— Кабы мне кто другой вопрос этот задал, я бы знал, что сказать! А что ответить Вам, Валерий Яковлевич, просто не знаю!
Брюсов насупил брови еще строже. На свои портреты он похож в точности!
— Говорите, что есть. Не в дипломаты поступаете, а в будущие литераторы... Ну, как звали, к примеру, по батюшке Татьяну Ларину?
Господи! Сейчас, сейчас! «Смиренный грешник, Дмитрий Ларин, господний раб и бригадир...», —Роня прочитал эту строфу на память.
— Дмитриевна, стало быть, — подтвердил Брюсов. — Скажите-ка, дорогой коллега, как называется речка в Михайловском? Помните?
Какие-то обрывки бессильно кружились в голове. Речка не вспоминалась, а ведь Роня ее даже видел, был с отцом в этом имении, помнил карету Пушкина, его биллиард, смутный облик его родного старшего сына — 32-х-летнего Александра Александровича, приезжавшего тогда в родительское гнездо из Москвы. Дело было в июне или июле 914-го, перед маминым отъездом на Кавказ. Однако имя речки будто провалилось на самое дно памяти...
Подсказал тихо Захаров-Менский:
— Ну, как не, припомните: «И берег...
«Сороти высокий!»— дополнил Роня с огромным облегчением. Ему все это показалось шуткой тогда. А от исхода шутки зависела судьба.

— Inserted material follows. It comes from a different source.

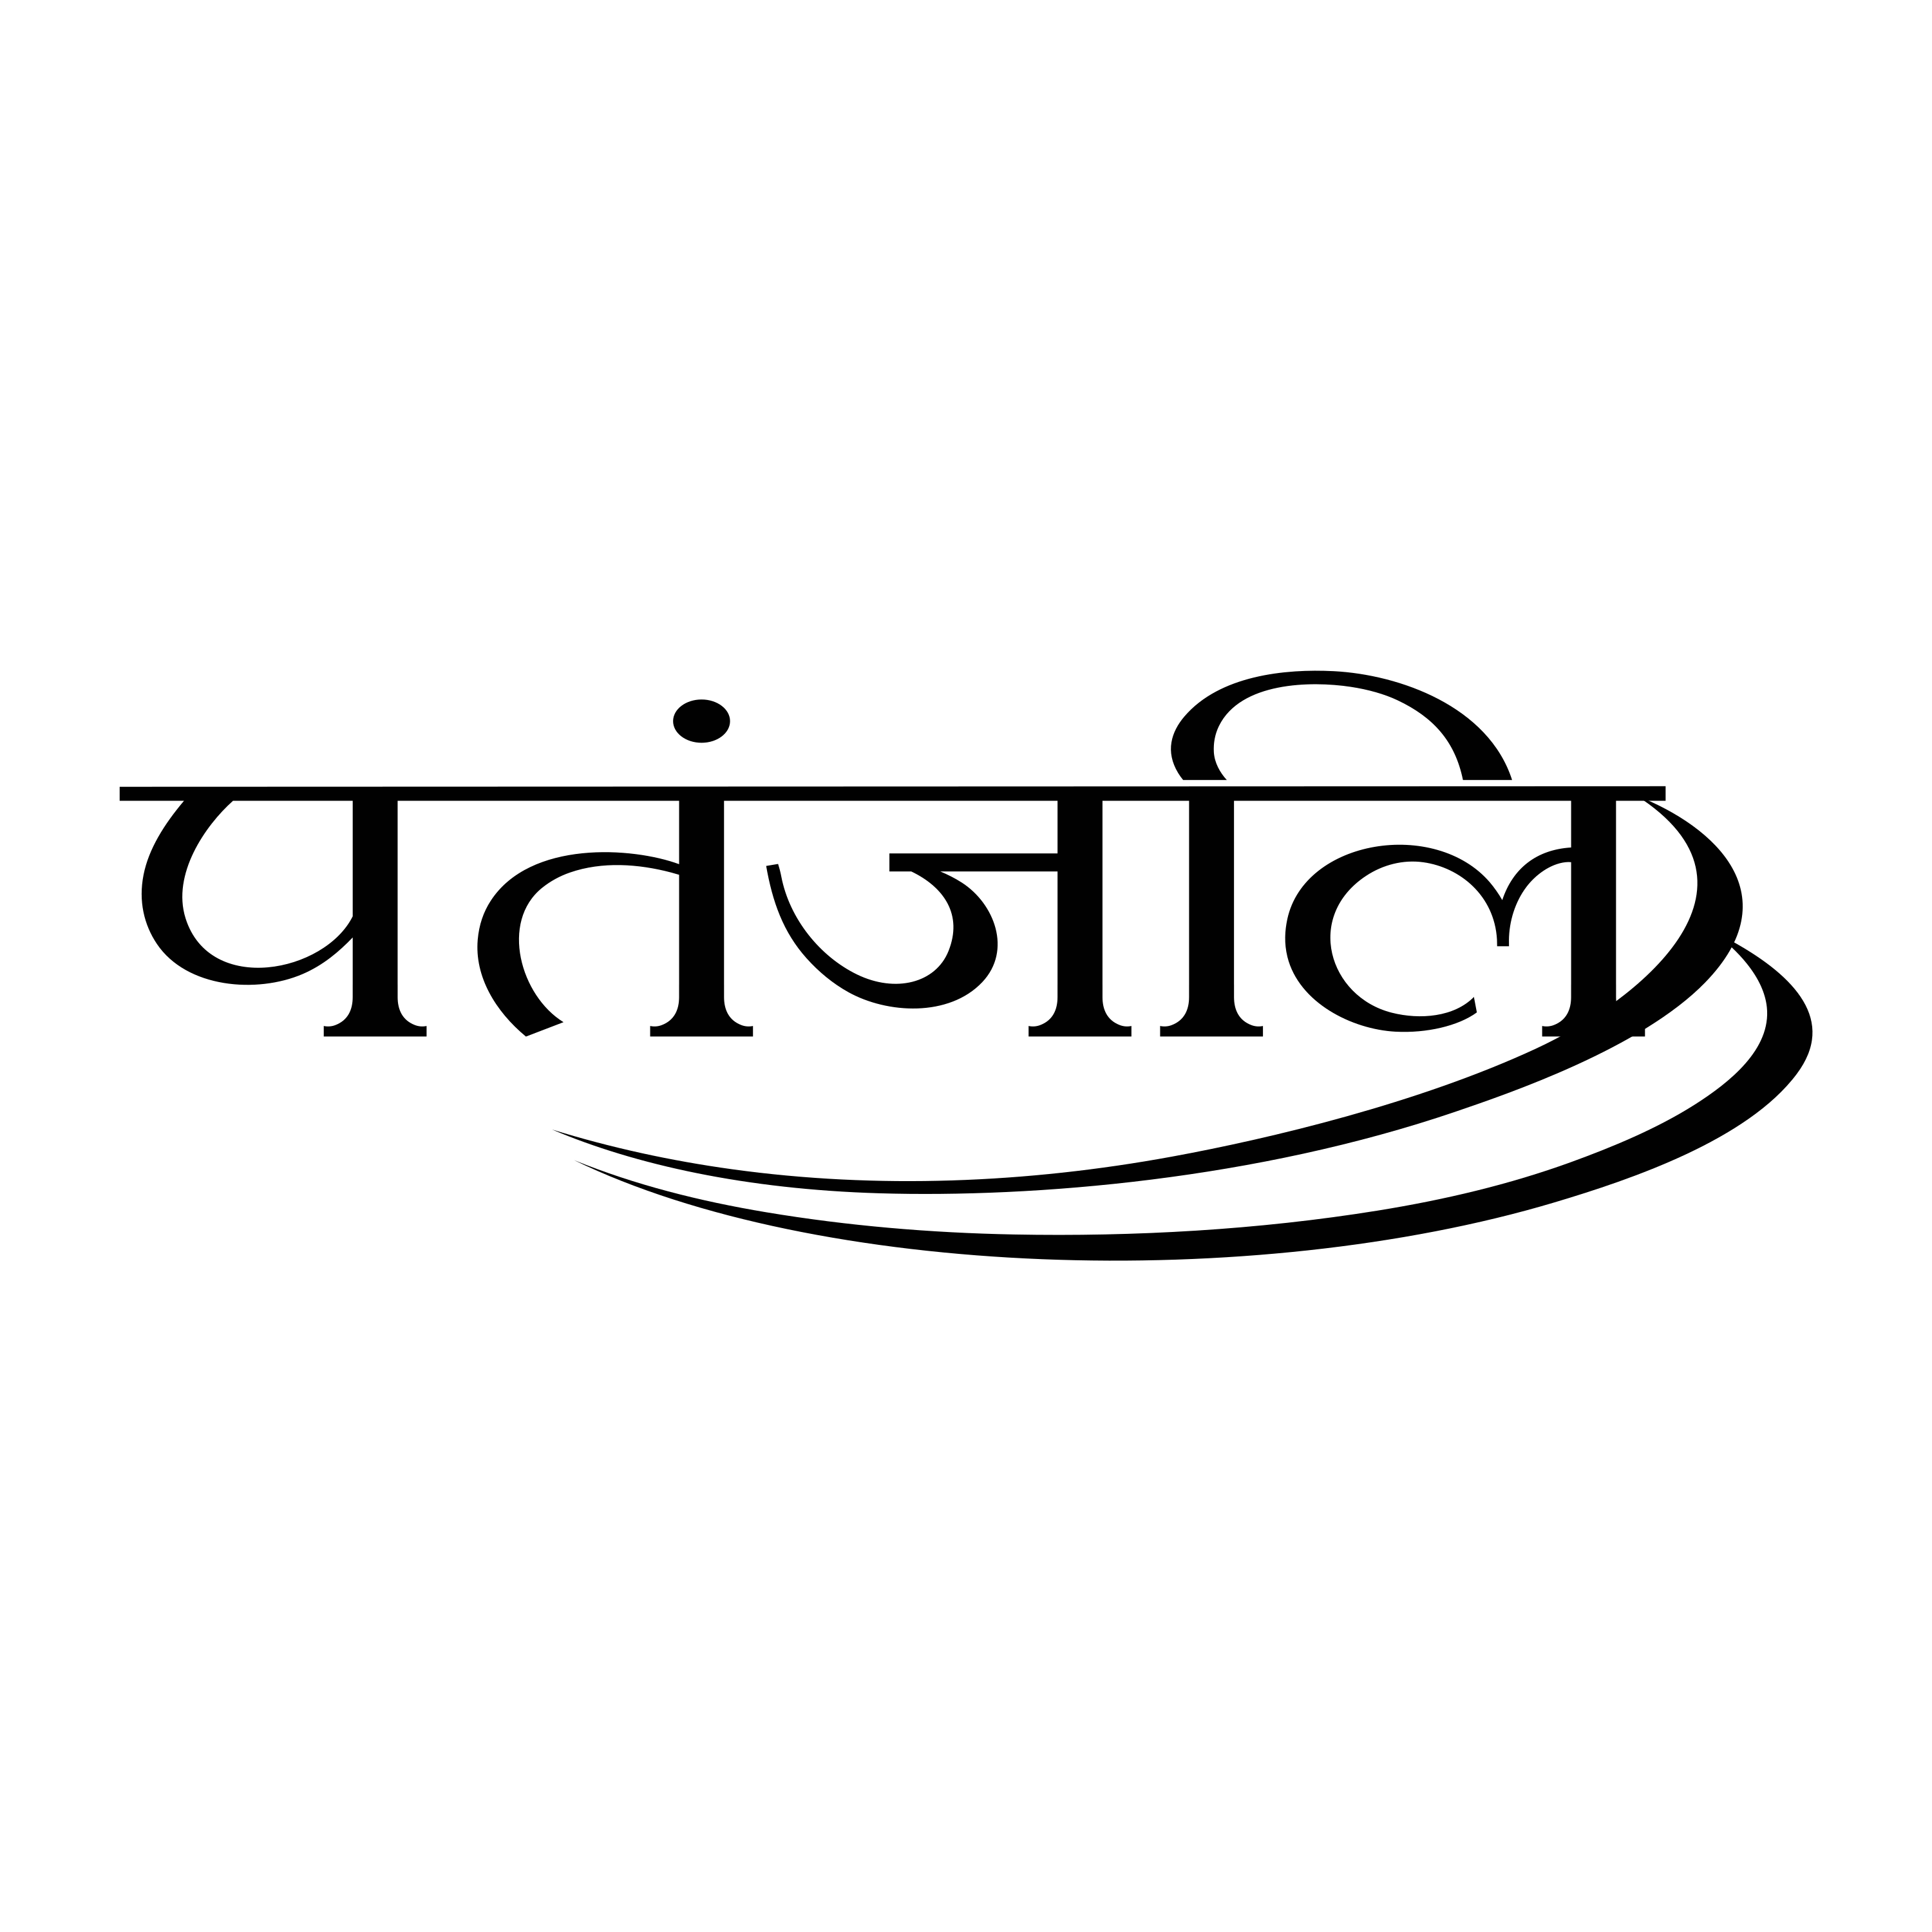 Patanjali Hindi Logo Transparent Photo

— Пушкина юноша сей читал. В семинар, по-видимому, подходит! — сказал тогда Брюсов, приподнимаясь со стула. Все это продлилось минуты полторы, не более!

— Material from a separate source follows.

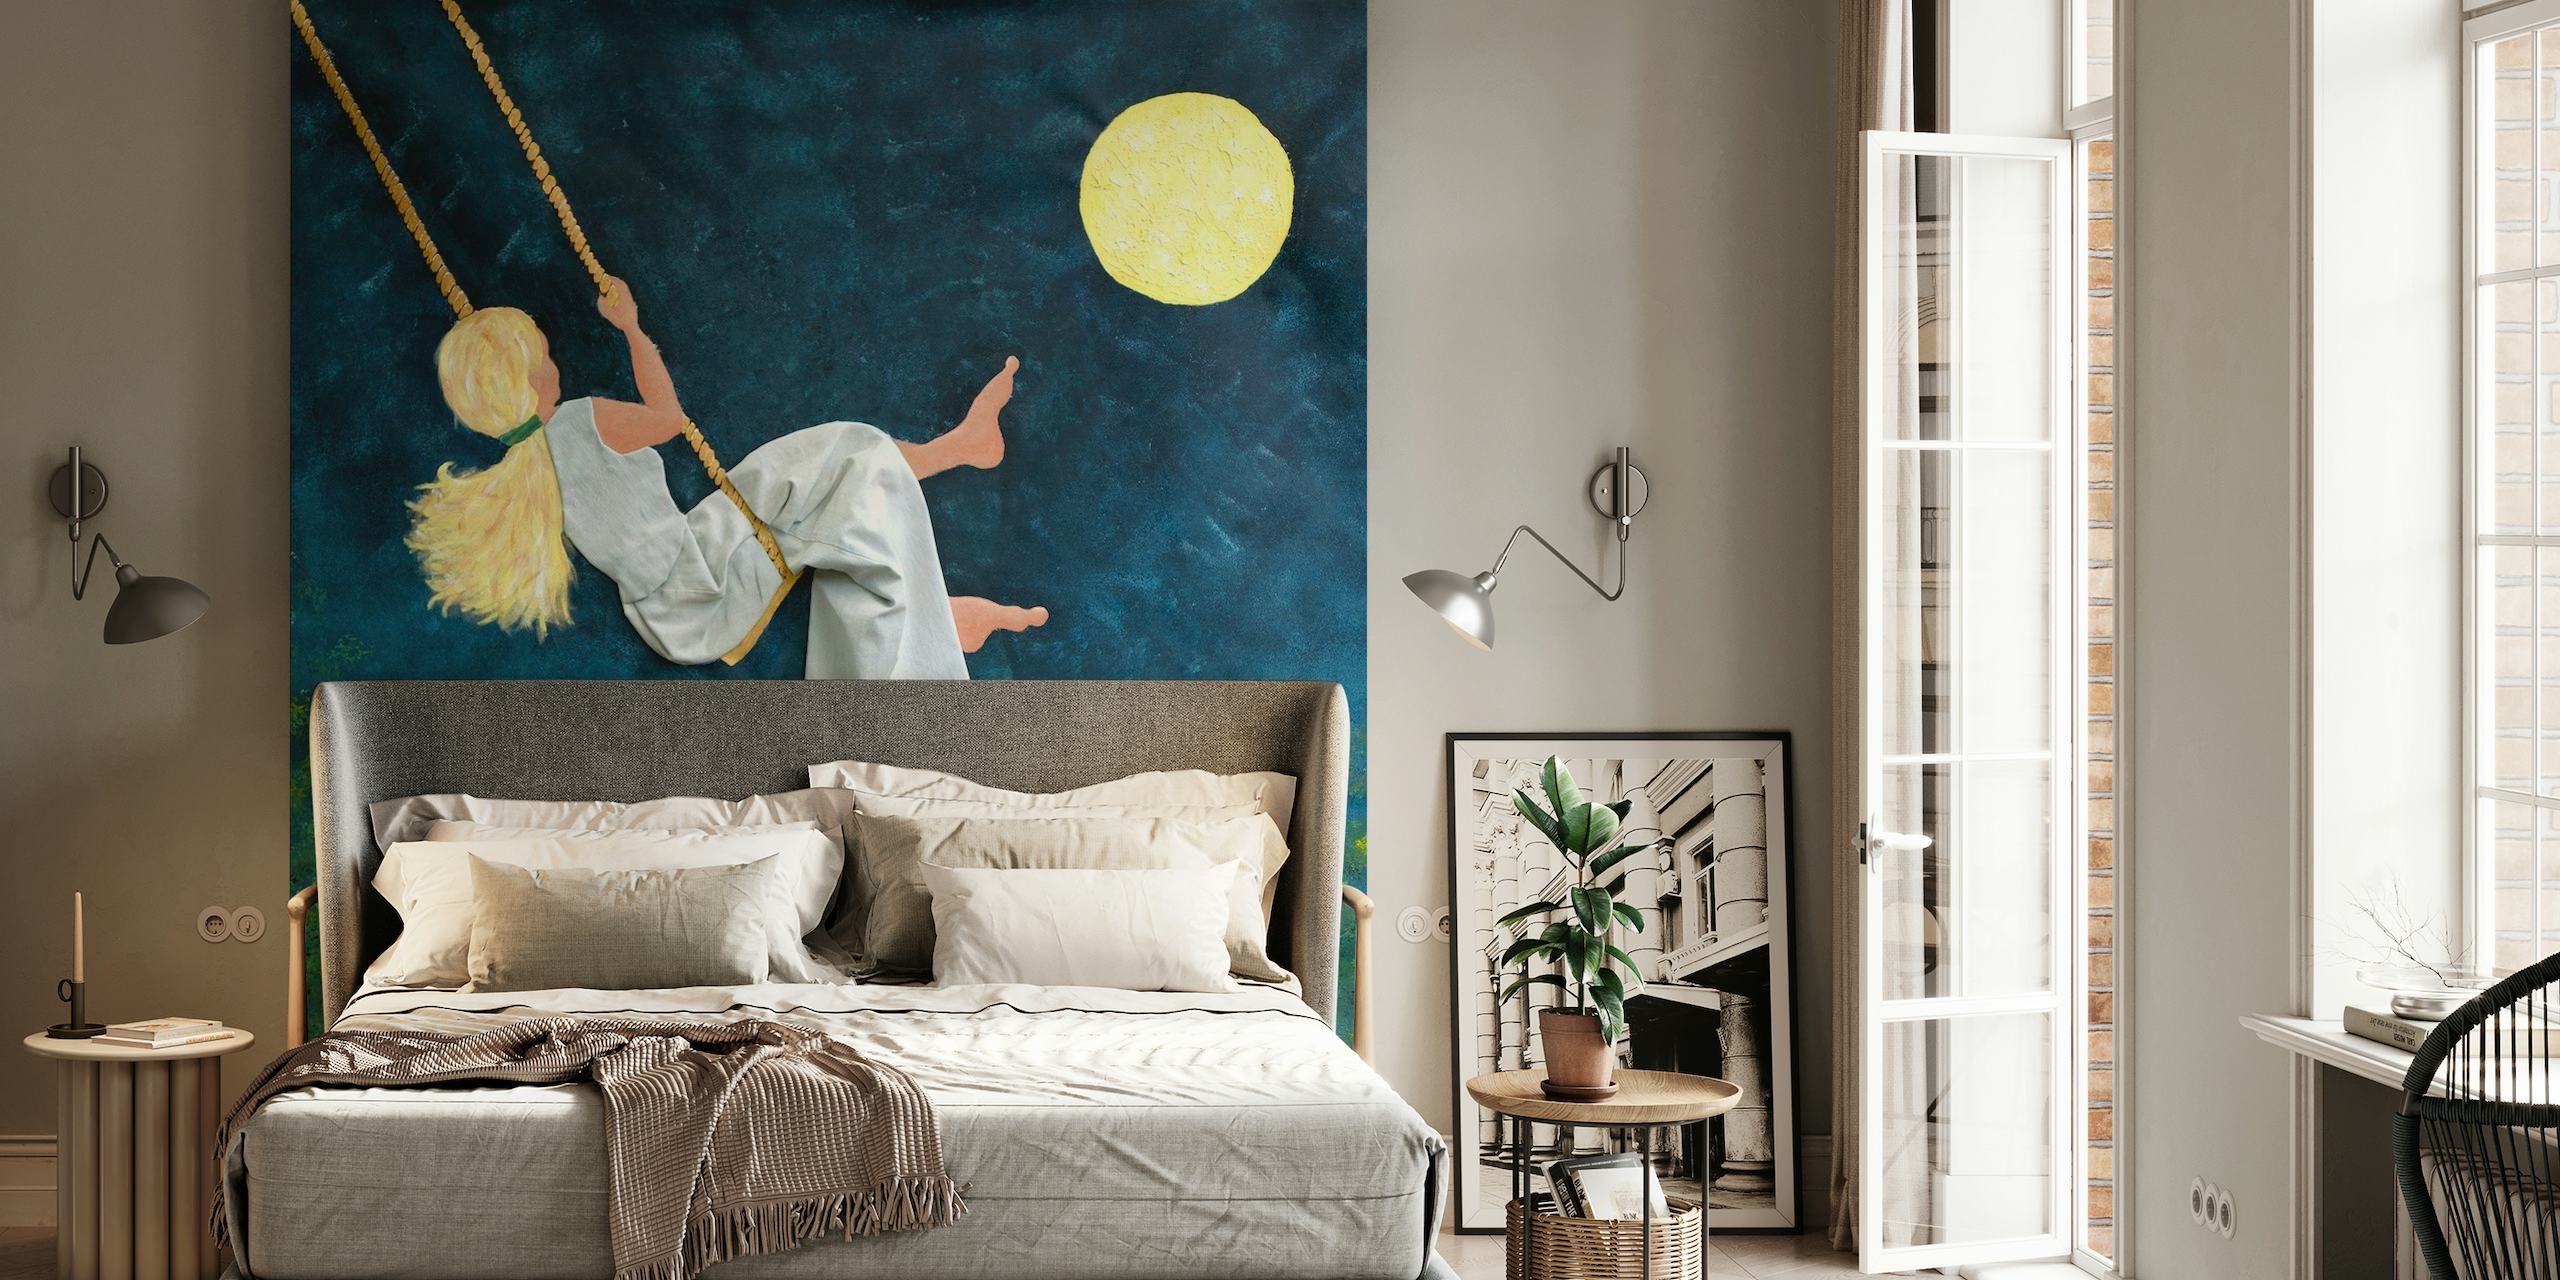 Menina balançando em direção à lua em um fotomural vinílico de parede de noite estrelada

...Теперь, на коллоквиуме, экзаменовал академик А. С. Орлов. Рональд получал за пятерку. Сергей Александрович Поляков и поэт Тимофеев, есенинской школы, повели абитуриента выпить кофе. Из всех стихов поэта Тимофеева Рональд потом сохранил в памяти одну строфу:
А там за дощатой стенкой,
Жутко скрипит кровать:
Это в поганом застенке
Из девушки делают мать.
Поэт Тимофеев терпеливо дожидался, пока Роня Вальдек поглотит свой стакан кофе со слойкой и поверит, наконец, что он — студент! Когда оба эти процесса завершились, поэт и студент вышли на Тверской бульвар, представлявший в те годы довольно яркий иллюстративный материал к стихам Тимофеева в духе вышеприведенной строфы. Оказалось, что Тимофеев самоотверженно решил посвятить все свое творчество, весь запас жизненных и поэтических сил одной-единственной цели — проповеди целомудрия и безбрачия среди молодежи. Он доказывал, что рождение каждого нового человека есть наивысшее преступление перед всем миром живого на планете, ибо человек родится только для умножения в этом мире скорби, боли и смерти. Если земное население увеличивается на одну человеческую единицу, значит, неизбежен рост новых несчастий, пороков и бедствий, предначертанных ему непреложной судьбой. Спасти обреченное человечество можно лишь одним средством — прекращением деторождения. Если молодежь перестанет заключать браки и вершить греховную любовь — человечество безболезненно и постепенно вымрет, что и спасет его от многоликого социального зла, классовой борьбы, войн, убийств, жестокого кровопролития, ужасов насильственных смертей, страданий и мучений. Не рожать, не воспроизводить себе подобных несчастных — и нынешнее зло мира само собой прекратится. Как просто! Этой философии он был предан до фанатизма, обдумал давно все возражения и отметал их с полемическим блеском.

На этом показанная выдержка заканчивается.